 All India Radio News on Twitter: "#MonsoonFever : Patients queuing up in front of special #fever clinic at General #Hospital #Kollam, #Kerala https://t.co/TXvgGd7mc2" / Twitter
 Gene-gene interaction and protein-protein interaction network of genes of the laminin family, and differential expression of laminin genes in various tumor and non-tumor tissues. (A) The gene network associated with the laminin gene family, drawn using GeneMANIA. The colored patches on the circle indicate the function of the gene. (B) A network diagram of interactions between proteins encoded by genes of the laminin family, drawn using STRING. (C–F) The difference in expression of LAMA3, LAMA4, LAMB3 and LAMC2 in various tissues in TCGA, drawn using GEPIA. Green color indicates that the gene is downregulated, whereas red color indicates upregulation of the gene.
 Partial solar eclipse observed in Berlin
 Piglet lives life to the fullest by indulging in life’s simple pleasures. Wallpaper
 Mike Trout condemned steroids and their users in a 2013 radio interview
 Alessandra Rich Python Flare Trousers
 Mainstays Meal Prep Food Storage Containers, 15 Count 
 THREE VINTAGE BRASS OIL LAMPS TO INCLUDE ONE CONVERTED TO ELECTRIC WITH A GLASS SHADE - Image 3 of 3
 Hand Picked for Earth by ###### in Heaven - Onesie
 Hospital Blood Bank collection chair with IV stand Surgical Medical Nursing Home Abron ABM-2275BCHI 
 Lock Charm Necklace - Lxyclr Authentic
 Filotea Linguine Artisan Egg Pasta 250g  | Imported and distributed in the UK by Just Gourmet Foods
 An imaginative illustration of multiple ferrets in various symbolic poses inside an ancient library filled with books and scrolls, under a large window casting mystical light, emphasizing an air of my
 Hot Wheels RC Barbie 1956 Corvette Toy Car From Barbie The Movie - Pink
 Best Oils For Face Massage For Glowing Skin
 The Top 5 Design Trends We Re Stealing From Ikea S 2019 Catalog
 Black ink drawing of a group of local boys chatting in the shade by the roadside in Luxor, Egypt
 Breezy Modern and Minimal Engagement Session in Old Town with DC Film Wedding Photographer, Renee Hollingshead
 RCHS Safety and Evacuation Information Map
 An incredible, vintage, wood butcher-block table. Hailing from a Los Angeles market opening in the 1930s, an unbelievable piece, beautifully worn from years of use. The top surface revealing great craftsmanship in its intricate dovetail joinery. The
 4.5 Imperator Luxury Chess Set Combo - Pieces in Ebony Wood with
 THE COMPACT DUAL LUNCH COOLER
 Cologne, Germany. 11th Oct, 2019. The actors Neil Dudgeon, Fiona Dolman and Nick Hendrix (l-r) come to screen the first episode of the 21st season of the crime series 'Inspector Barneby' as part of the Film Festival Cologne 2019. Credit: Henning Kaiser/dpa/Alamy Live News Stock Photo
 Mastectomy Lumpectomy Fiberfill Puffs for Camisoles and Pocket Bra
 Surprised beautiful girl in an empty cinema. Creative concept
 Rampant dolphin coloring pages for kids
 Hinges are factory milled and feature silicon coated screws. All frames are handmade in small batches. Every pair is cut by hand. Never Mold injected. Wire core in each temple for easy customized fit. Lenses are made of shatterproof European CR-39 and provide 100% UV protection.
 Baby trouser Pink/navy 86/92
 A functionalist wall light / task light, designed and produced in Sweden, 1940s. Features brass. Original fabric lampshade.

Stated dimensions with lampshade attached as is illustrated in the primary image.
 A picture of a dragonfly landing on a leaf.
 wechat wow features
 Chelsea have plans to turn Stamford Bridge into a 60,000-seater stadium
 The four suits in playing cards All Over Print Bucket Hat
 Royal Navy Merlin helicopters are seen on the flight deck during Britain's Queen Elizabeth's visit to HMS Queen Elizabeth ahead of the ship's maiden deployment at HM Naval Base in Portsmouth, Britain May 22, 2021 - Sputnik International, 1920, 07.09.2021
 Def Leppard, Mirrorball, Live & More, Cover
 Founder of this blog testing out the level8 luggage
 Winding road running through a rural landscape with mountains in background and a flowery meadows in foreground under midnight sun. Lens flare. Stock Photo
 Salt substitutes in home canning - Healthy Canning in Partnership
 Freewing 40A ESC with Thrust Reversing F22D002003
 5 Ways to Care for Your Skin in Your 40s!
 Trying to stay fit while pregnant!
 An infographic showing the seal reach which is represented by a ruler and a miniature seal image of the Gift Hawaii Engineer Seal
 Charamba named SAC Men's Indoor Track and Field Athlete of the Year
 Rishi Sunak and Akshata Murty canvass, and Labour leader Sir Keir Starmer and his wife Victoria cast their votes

• Required action
Word for word, write out the entries above again.

• Expected answer
 All India Radio News on Twitter: "#MonsoonFever : Patients queuing up in front of special #fever clinic at General #Hospital #Kollam, #Kerala https://t.co/TXvgGd7mc2" / Twitter
 Gene-gene interaction and protein-protein interaction network of genes of the laminin family, and differential expression of laminin genes in various tumor and non-tumor tissues. (A) The gene network associated with the laminin gene family, drawn using GeneMANIA. The colored patches on the circle indicate the function of the gene. (B) A network diagram of interactions between proteins encoded by genes of the laminin family, drawn using STRING. (C–F) The difference in expression of LAMA3, LAMA4, LAMB3 and LAMC2 in various tissues in TCGA, drawn using GEPIA. Green color indicates that the gene is downregulated, whereas red color indicates upregulation of the gene.
 Partial solar eclipse observed in Berlin
 Piglet lives life to the fullest by indulging in life’s simple pleasures. Wallpaper
 Mike Trout condemned steroids and their users in a 2013 radio interview
 Alessandra Rich Python Flare Trousers
 Mainstays Meal Prep Food Storage Containers, 15 Count 
 THREE VINTAGE BRASS OIL LAMPS TO INCLUDE ONE CONVERTED TO ELECTRIC WITH A GLASS SHADE - Image 3 of 3
 Hand Picked for Earth by ###### in Heaven - Onesie
 Hospital Blood Bank collection chair with IV stand Surgical Medical Nursing Home Abron ABM-2275BCHI 
 Lock Charm Necklace - Lxyclr Authentic
 Filotea Linguine Artisan Egg Pasta 250g  | Imported and distributed in the UK by Just Gourmet Foods
 An imaginative illustration of multiple ferrets in various symbolic poses inside an ancient library filled with books and scrolls, under a large window casting mystical light, emphasizing an air of my
 Hot Wheels RC Barbie 1956 Corvette Toy Car From Barbie The Movie - Pink
 Best Oils For Face Massage For Glowing Skin
 The Top 5 Design Trends We Re Stealing From Ikea S 2019 Catalog
 Black ink drawing of a group of local boys chatting in the shade by the roadside in Luxor, Egypt
 Breezy Modern and Minimal Engagement Session in Old Town with DC Film Wedding Photographer, Renee Hollingshead
 RCHS Safety and Evacuation Information Map
 An incredible, vintage, wood butcher-block table. Hailing from a Los Angeles market opening in the 1930s, an unbelievable piece, beautifully worn from years of use. The top surface revealing great craftsmanship in its intricate dovetail joinery. The
 4.5 Imperator Luxury Chess Set Combo - Pieces in Ebony Wood with
 THE COMPACT DUAL LUNCH COOLER
 Cologne, Germany. 11th Oct, 2019. The actors Neil Dudgeon, Fiona Dolman and Nick Hendrix (l-r) come to screen the first episode of the 21st season of the crime series 'Inspector Barneby' as part of the Film Festival Cologne 2019. Credit: Henning Kaiser/dpa/Alamy Live News Stock Photo
 Mastectomy Lumpectomy Fiberfill Puffs for Camisoles and Pocket Bra
 Surprised beautiful girl in an empty cinema. Creative concept
 Rampant dolphin coloring pages for kids
 Hinges are factory milled and feature silicon coated screws. All frames are handmade in small batches. Every pair is cut by hand. Never Mold injected. Wire core in each temple for easy customized fit. Lenses are made of shatterproof European CR-39 and provide 100% UV protection.
 Baby trouser Pink/navy 86/92
 A functionalist wall light / task light, designed and produced in Sweden, 1940s. Features brass. Original fabric lampshade.

Stated dimensions with lampshade attached as is illustrated in the primary image.
 A picture of a dragonfly landing on a leaf.
 wechat wow features
 Chelsea have plans to turn Stamford Bridge into a 60,000-seater stadium
 The four suits in playing cards All Over Print Bucket Hat
 Royal Navy Merlin helicopters are seen on the flight deck during Britain's Queen Elizabeth's visit to HMS Queen Elizabeth ahead of the ship's maiden deployment at HM Naval Base in Portsmouth, Britain May 22, 2021 - Sputnik International, 1920, 07.09.2021
 Def Leppard, Mirrorball, Live & More, Cover
 Founder of this blog testing out the level8 luggage
 Winding road running through a rural landscape with mountains in background and a flowery meadows in foreground under midnight sun. Lens flare. Stock Photo
 Salt substitutes in home canning - Healthy Canning in Partnership
 Freewing 40A ESC with Thrust Reversing F22D002003
 5 Ways to Care for Your Skin in Your 40s!
 Trying to stay fit while pregnant!
 An infographic showing the seal reach which is represented by a ruler and a miniature seal image of the Gift Hawaii Engineer Seal
 Charamba named SAC Men's Indoor Track and Field Athlete of the Year
 Rishi Sunak and Akshata Murty canvass, and Labour leader Sir Keir Starmer and his wife Victoria cast their votes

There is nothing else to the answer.